I'm not yet entirely convinced myself that this all makes sense. Does this feel like sensible behavior to you?

I was referring to the solution: it's less than ideal, it's pretty "WTF"-inducing.

Related: #2827998: Add a new default option to the CDN UI: "all files except CSS+JS", and make this the new default of the CDN module, include upgrade path will change the default, so that CSS and JS files are no longer being served from a CDN anymore. That would reduce the chances of running into this problem.

Thanks for sharing your thinking about this! It's always better to think things through with multiple people.

I'm in favor of adding this. We must explain WTFs, even if they are rare to run into.
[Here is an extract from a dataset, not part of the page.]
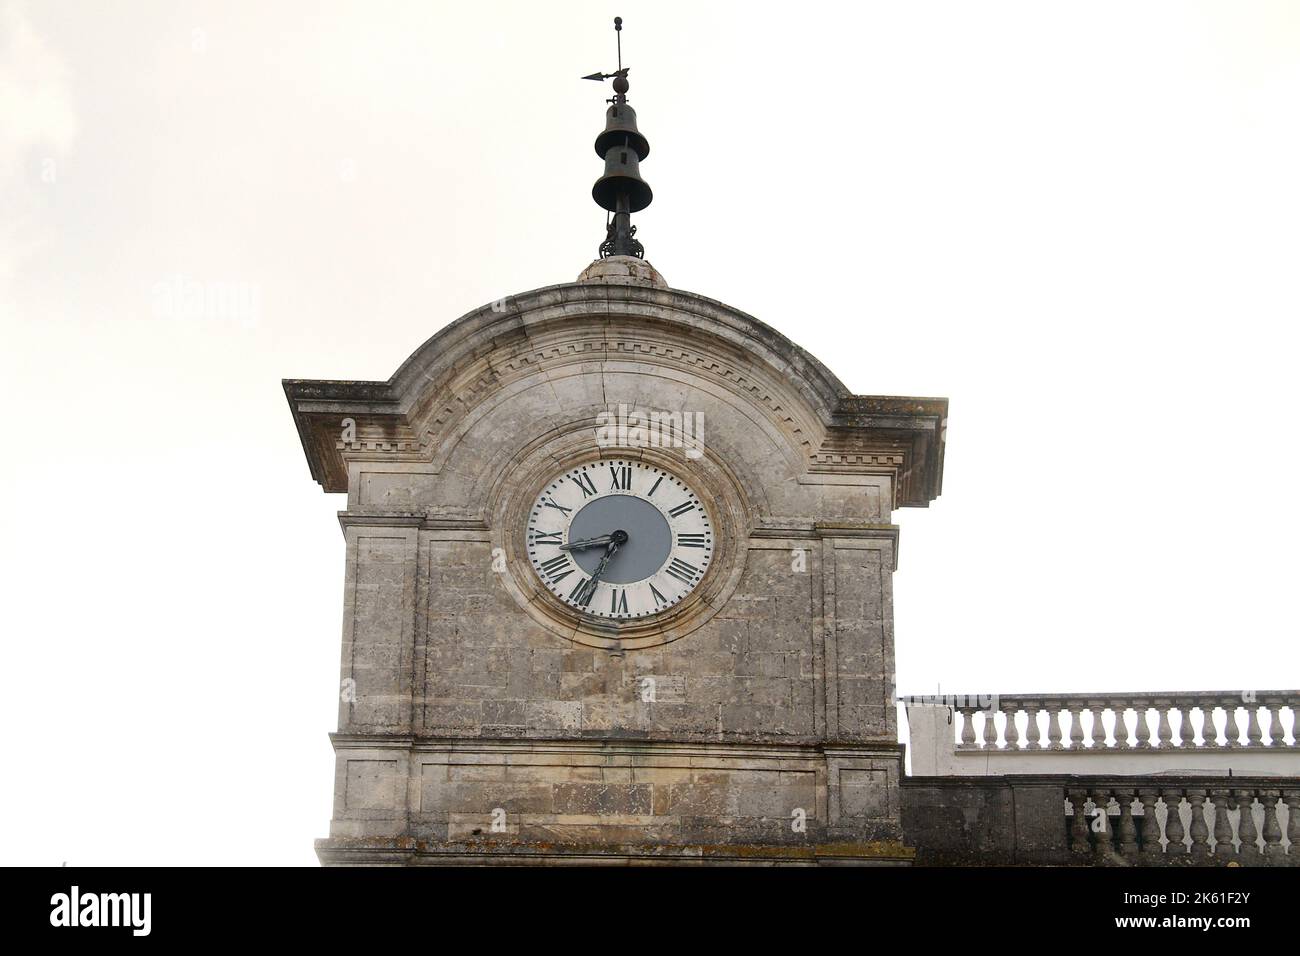 Cisternino, Puglia, Italy. The clock tower (b. 1850) in Piazza Vittorio Emanuele III (Piazza Dell'Orologio). Stock Photo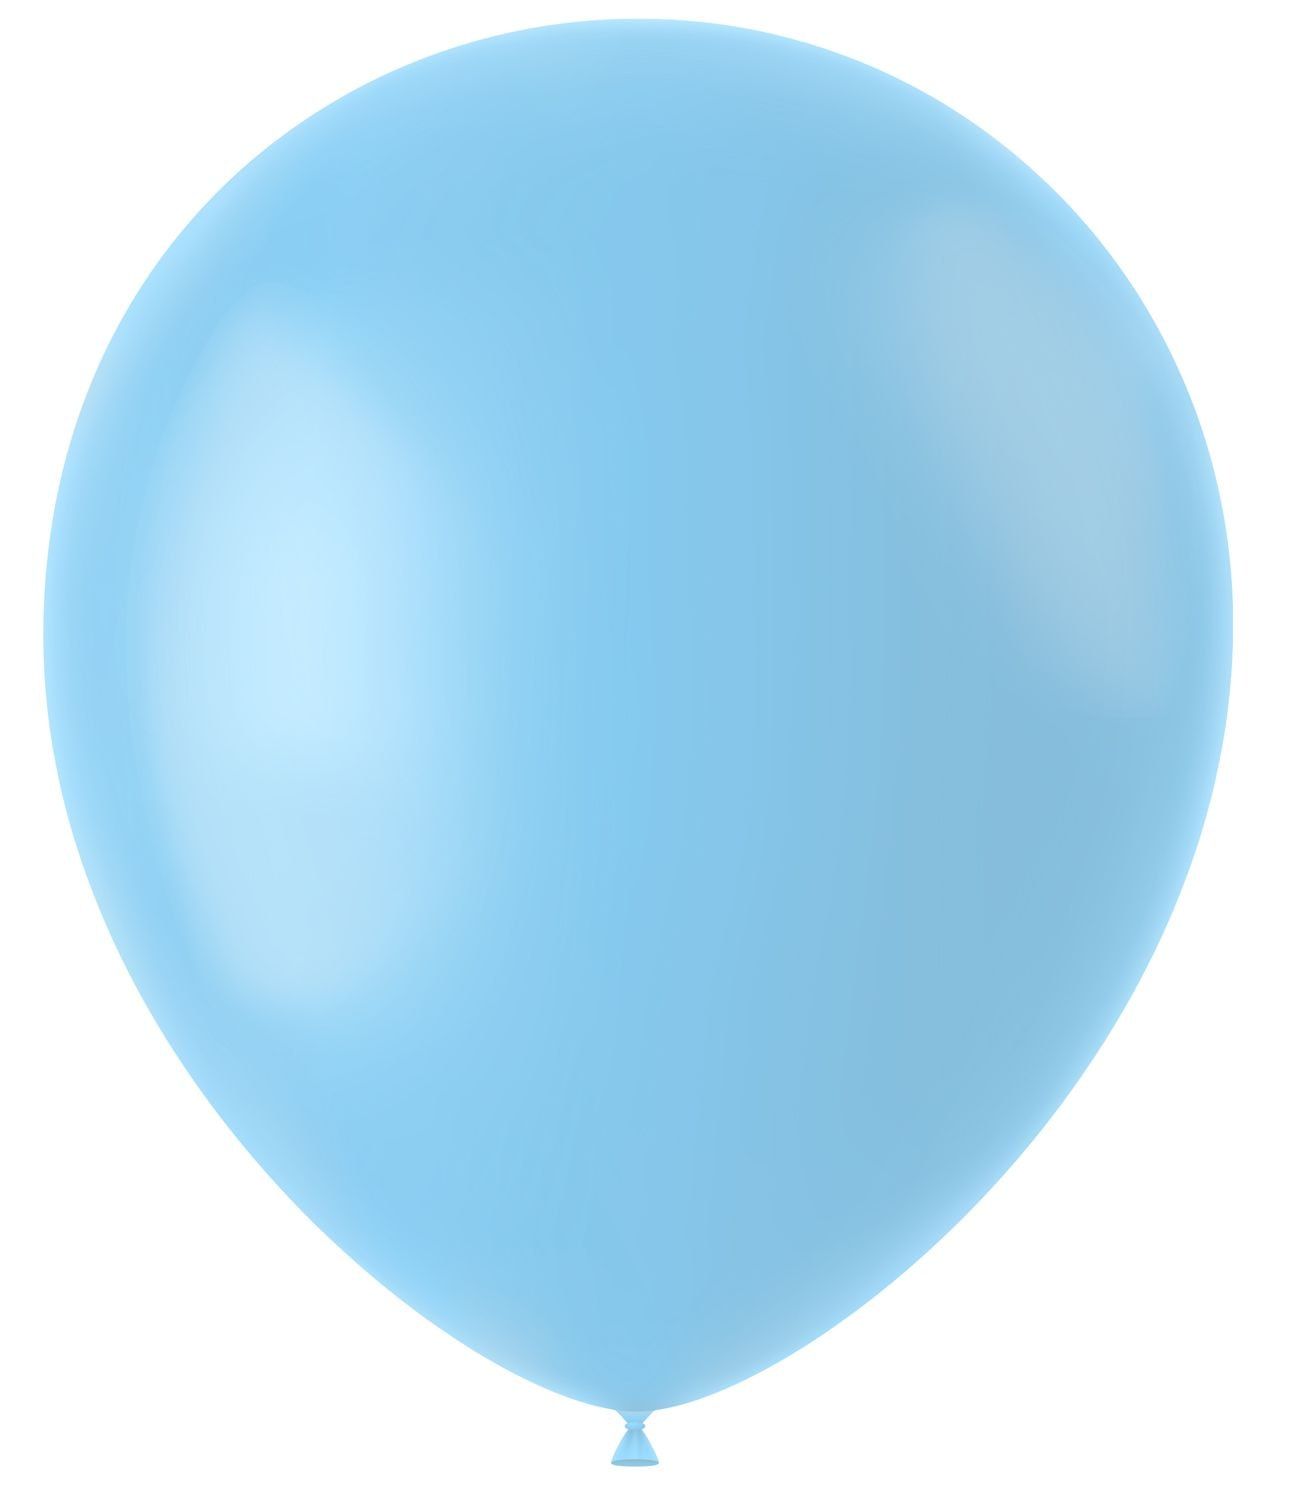 100 ballonnen powder blue mat 33cm

1. +++ b/src/CdnSettings.php
   @@ -50,6 +70,17 @@ class CdnSettings {
      /**
   +   * Sanity check for the far-future setting relative to CSS aggregation.
   +   */
   +  public function checkFarfutureSettings() {
   +    if ($this->farfutureIsEnabled()
   +      && !$this->configFactory->get('system.performance')->get('css.preprocess')
   +      && $this->currentUser->hasPermission('administer CDN configuration')) {
   +      drupal_set_message($this->t('CDN far-future expiration requires the use of CSS aggregation.'), 'warning');
   +    }
   +  }
   

   This logic needs to move to a helper method on HtmlResponseSubscriber. The CdnSettings class must not generate messages, it's only purpose is parsing/interpreting the cdn.settings config.

2. That logic should also check if the CDN module is enabled: $this->cdnSettings->isEnabled().
3. That logic should also check that CSS files are in fact being served by the CDN module. Otherwise we're showing a warning message for no reason. Sample code:
   

   $lookup_table = $this->cdnSettings->getLookupTable();
   if (!isset($lookup_table['css']) && !isset($lookup_table['*']) {
     // CSS files will never be altered by the CDN module.
   }
   

This is basically what I was asking for. Still needs cleaning up, but this is the structure we want.

While working on this, this made me realize that this is significantly increasing the overhead of the CDN module. It's more than twice as expensive as addDnsPrefetchLinkHeaders().

This is what that looks like BTW.

Here's a completely different approach: it detects if settings.php (or settings.local.php) disable CSS aggregation, and in that case, it will just not alter any CSS file URLs.

No need for warnings; everything continues to work just fine.

Thoughts?

Forgot the patch.

So this would not address the case of developers intentionally disabling CSS aggregation for a site. It's a bad practice to disable it anyway. And in that case, they should arguably be smart enough: if they have reasons to disable CSS aggregation, they should also be smart enough to update the CDN module's settings.

Finally, every developer should know to use settings.local.php, they should not manually disable it in the UI.

I think the patch in #15 strikes a nice balance between pragmatism and strictness. It just silently ignores CSS file URLs when CSS aggregation is off. It doesn't ever get in your way. It doesn't require you to keep two pieces of configuration in sync. It doesn't require us to start altering other forms with additional validation logic and messages.

Combined with the fact that the CDN module will by default not serve CSS files from a CDN (since #2827998: Add a new default option to the CDN UI: "all files except CSS+JS", and make this the new default of the CDN module, include upgrade path), I think this adequately addresses the majority use case. We can add a warning message in the future if the need arises. But I'd rather not, because it slows things down and gets in the way.

Looks like a very good compromise. Intentionally disabling CSS aggregation for a site means you either have issues to fix that should get you worried or you know what you're doing and you can find workarounds for the CDN module.

Also agreed that settings.local.php is the way to go for sustainable dev mode rather than clicking around. And if you can deal with sites.php, surely you can deal with settings.local.php anyway.

#17 is a compelling reason to go with the patch in #15 IMHO. Also, with #2827998: Add a new default option to the CDN UI: "all files except CSS+JS", and make this the new default of the CDN module, include upgrade path now committed, the need should erode as time goes by.

Excellent, thanks for sharing your perspective, @anavarre!